Word for word, reproduce each line of the data below, omitting every image.

» **Data shown**:
○ ○ ○ ○ ○ ○ ○

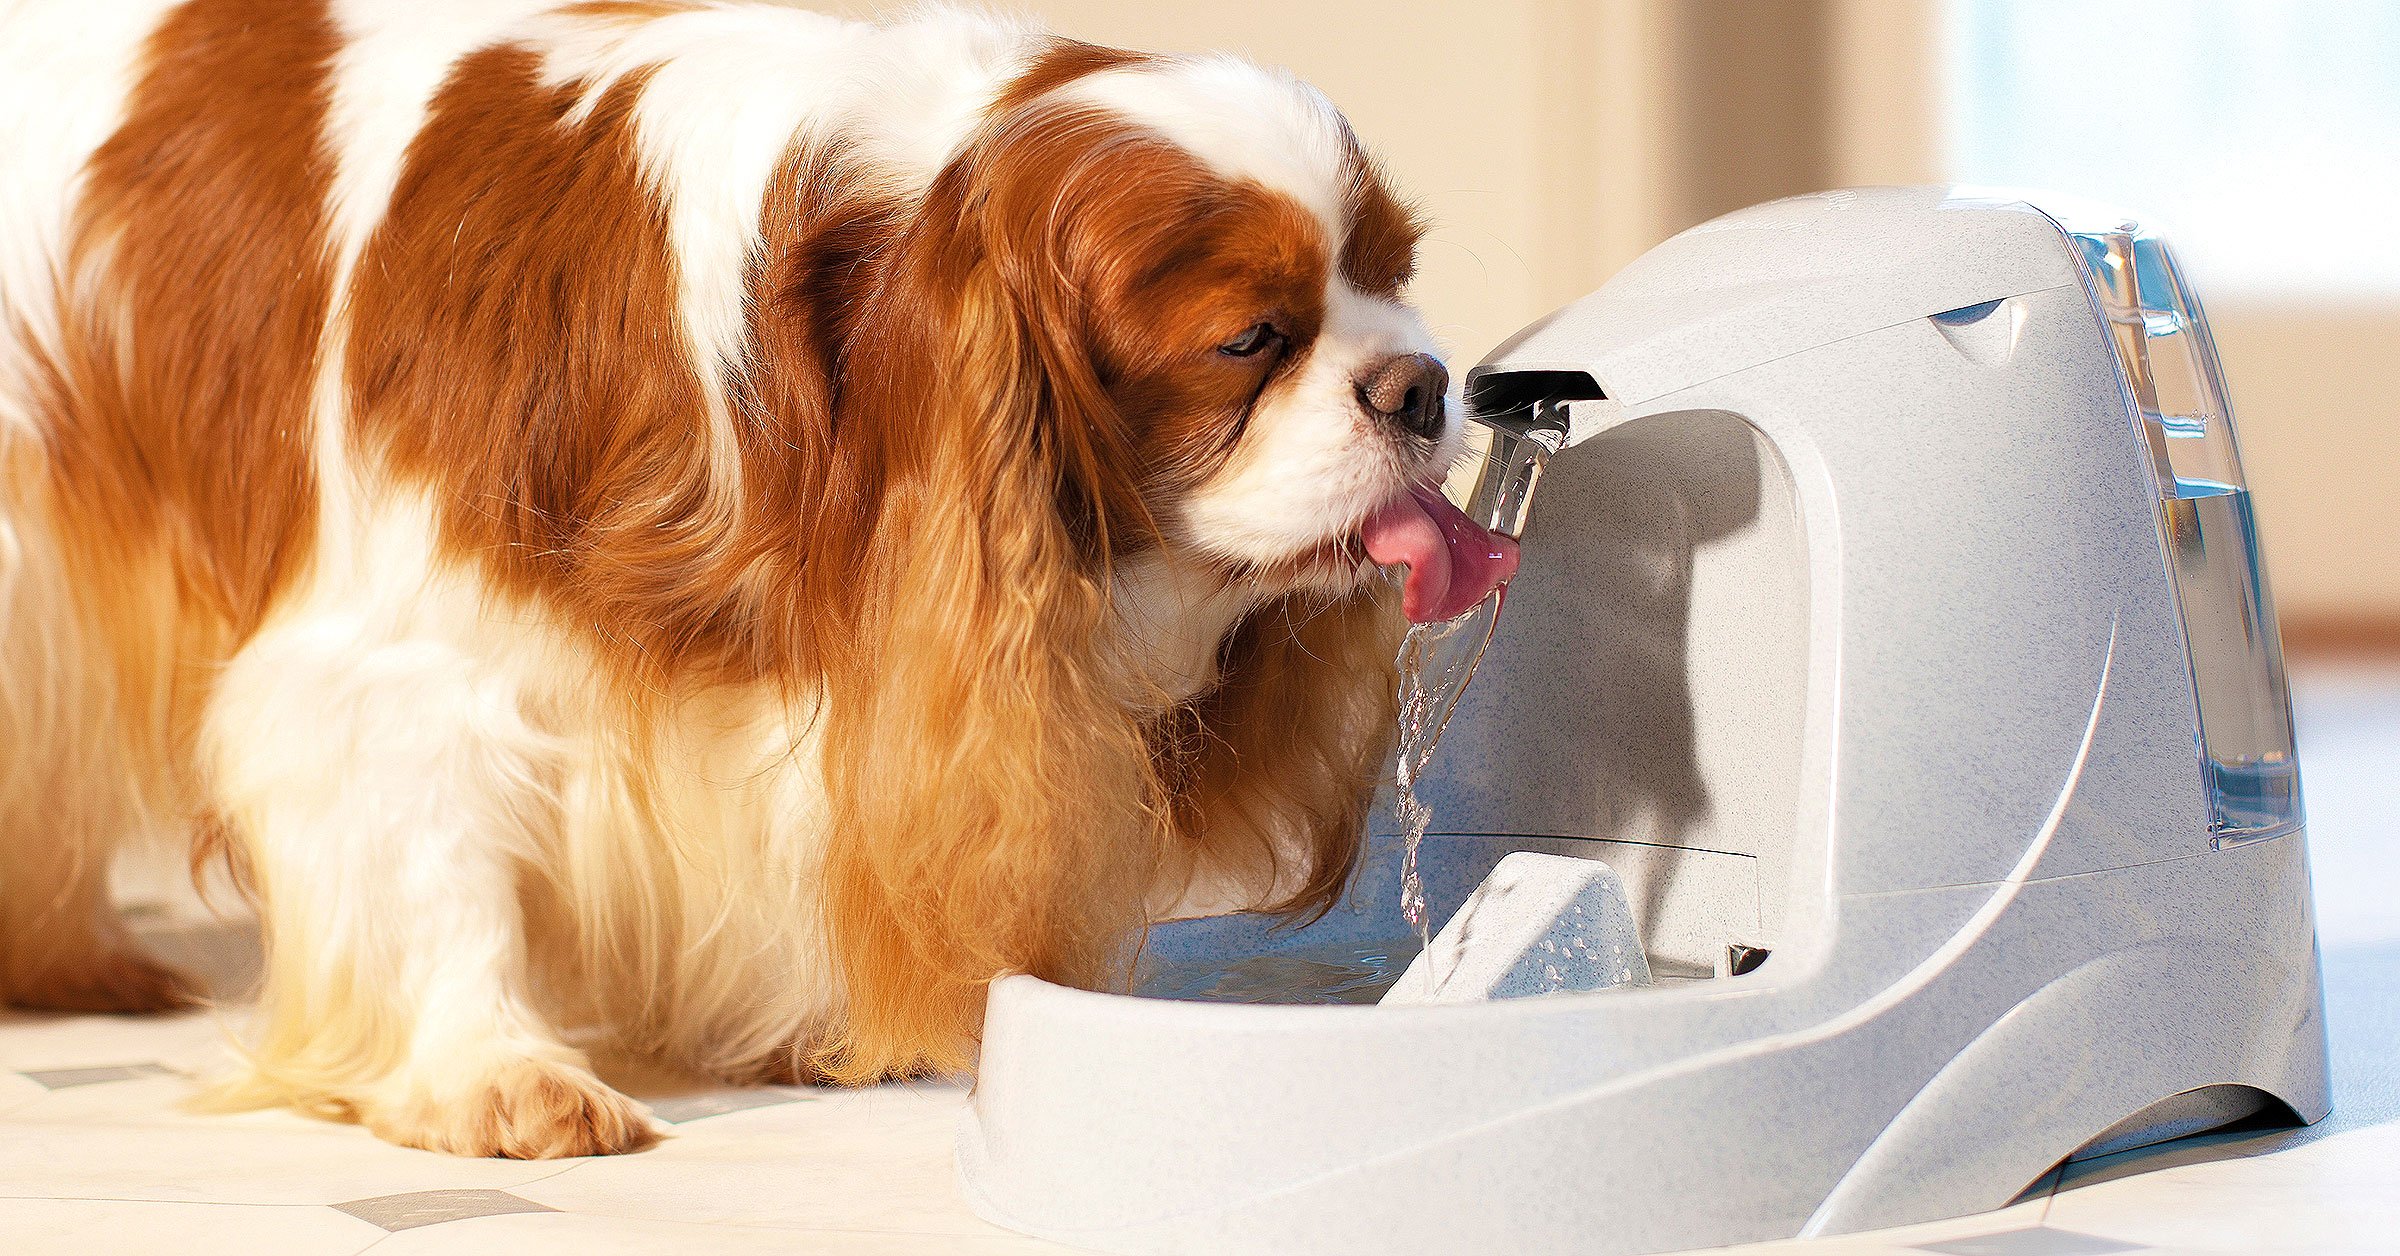 Running fresh water and a happy dog drink...</div>
					</div>
					
										
									  
					<div class=

○ ○ ○ ○ ○ ○ ○

» **Written reply**:
 Running fresh water and a happy dog drink...</div>
					</div>
					
										
									  
					<div class=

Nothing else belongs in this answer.